**Activity**
In the listing below, find the line with "Handmade designer polymer" and the line with "Soothing feminine face", then return them and every line between them exactly, minus the pictures.

**Supplied data**
····················

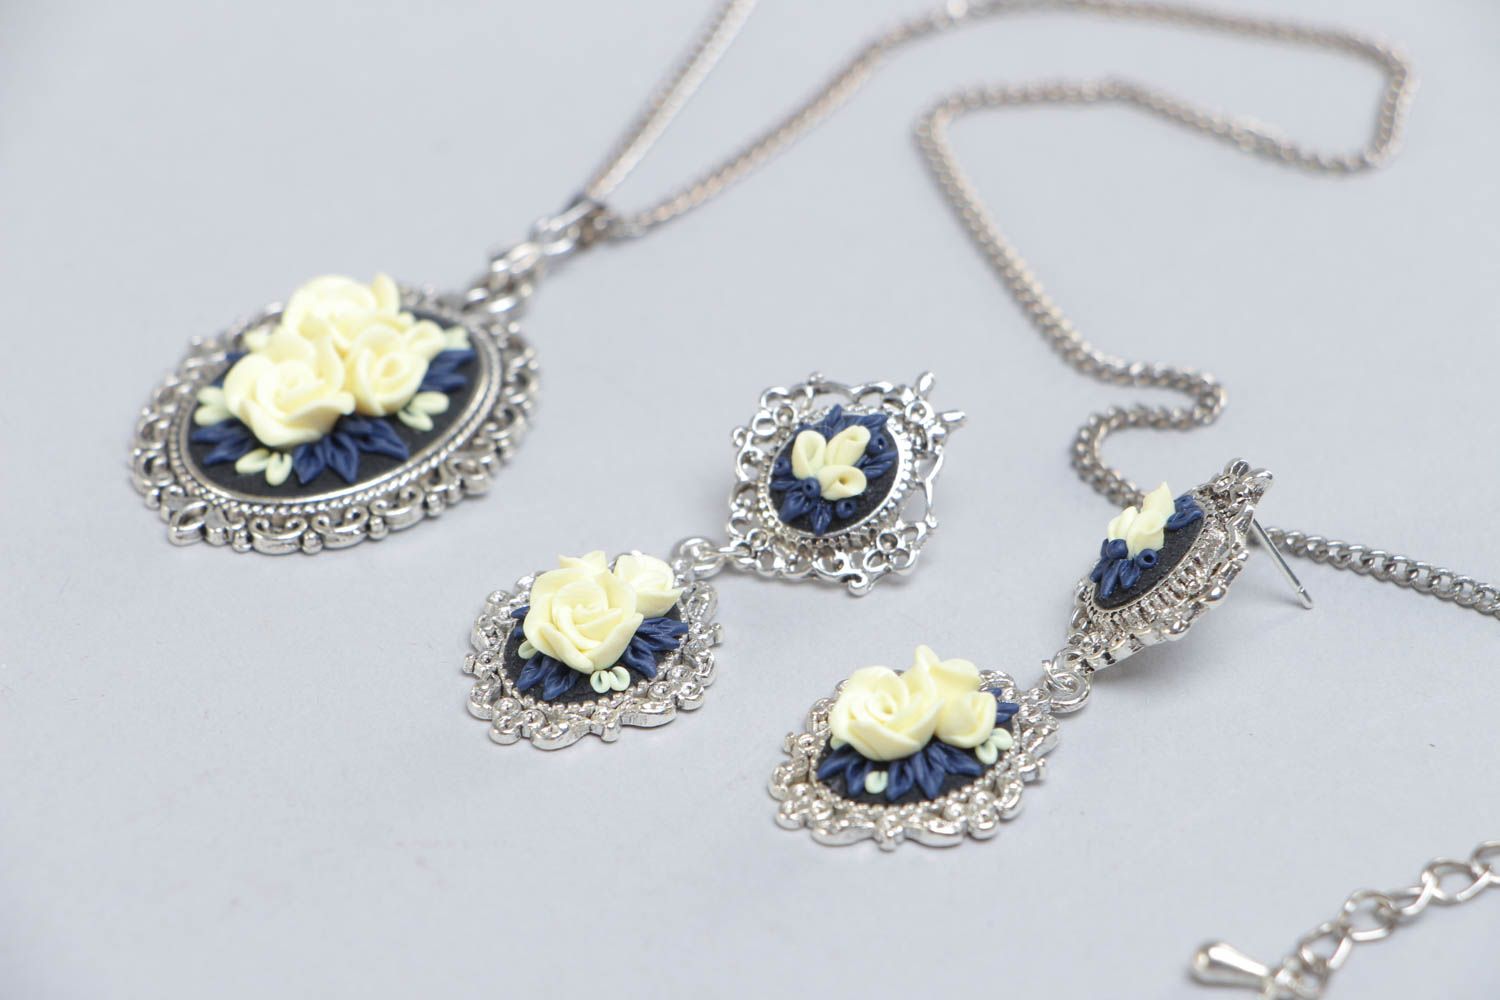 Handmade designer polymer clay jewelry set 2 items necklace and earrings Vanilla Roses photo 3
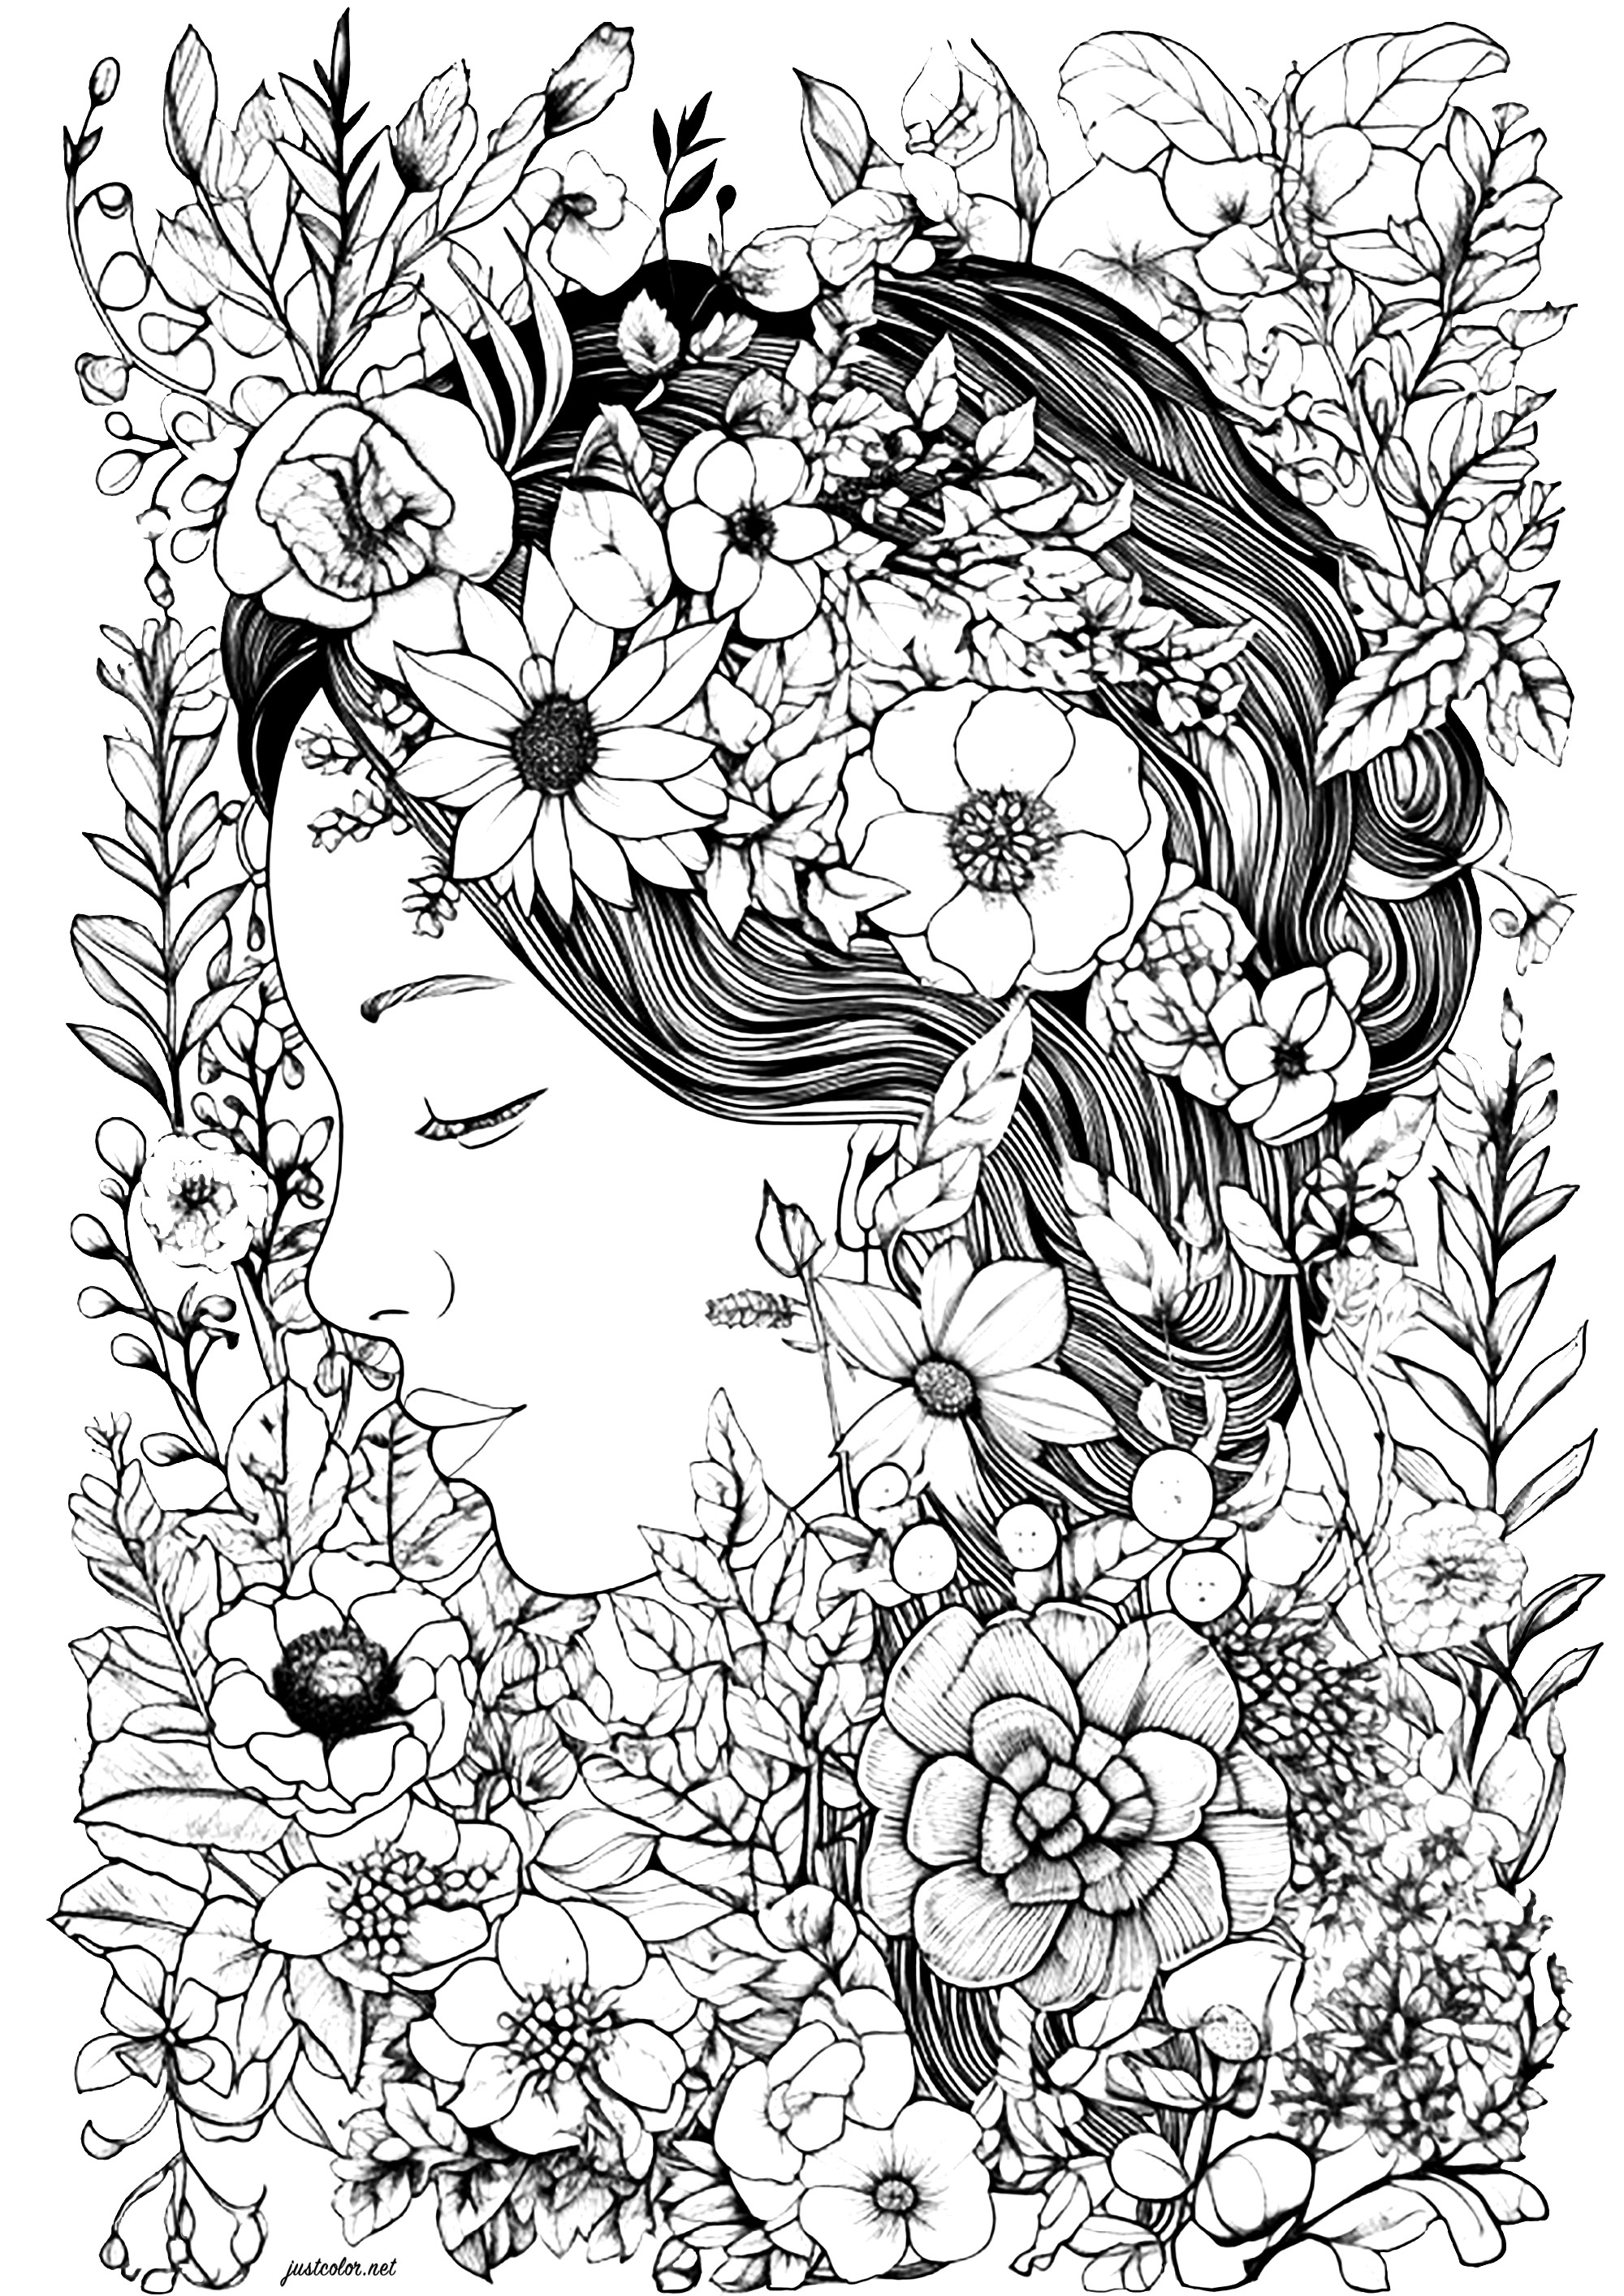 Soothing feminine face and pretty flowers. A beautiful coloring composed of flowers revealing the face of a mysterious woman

····················

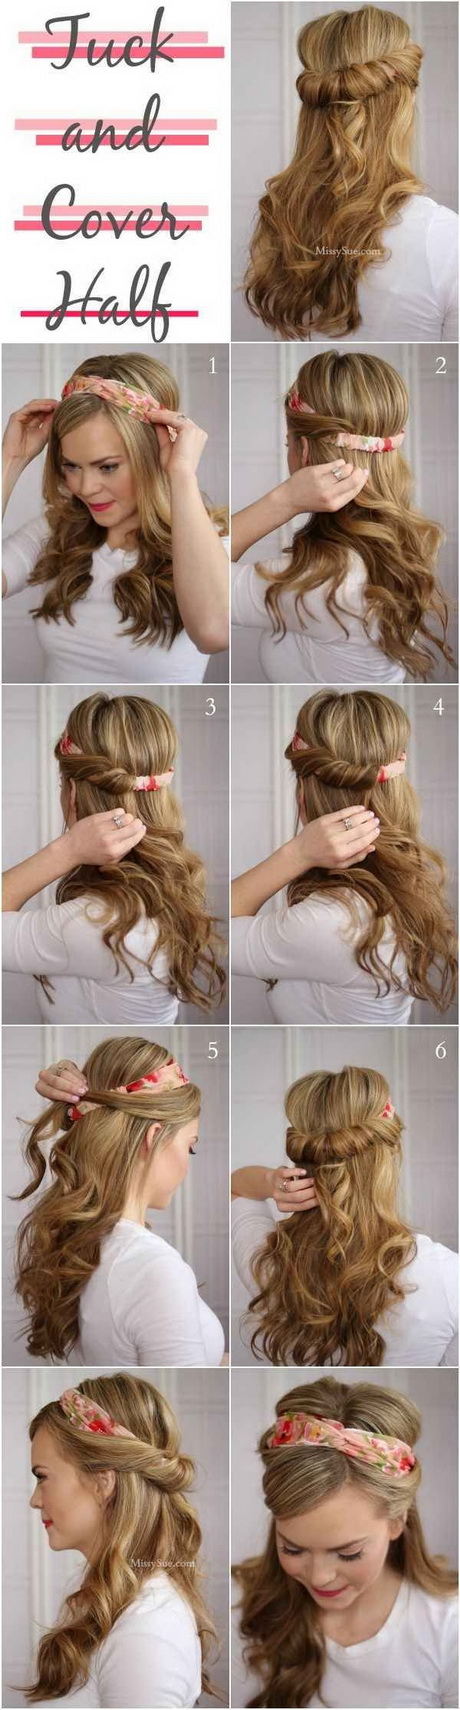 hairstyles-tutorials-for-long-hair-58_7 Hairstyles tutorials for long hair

····················

**Solution**
 Handmade designer polymer clay jewelry set 2 items necklace and earrings Vanilla Roses photo 3
 Soothing feminine face and pretty flowers. A beautiful coloring composed of flowers revealing the face of a mysterious woman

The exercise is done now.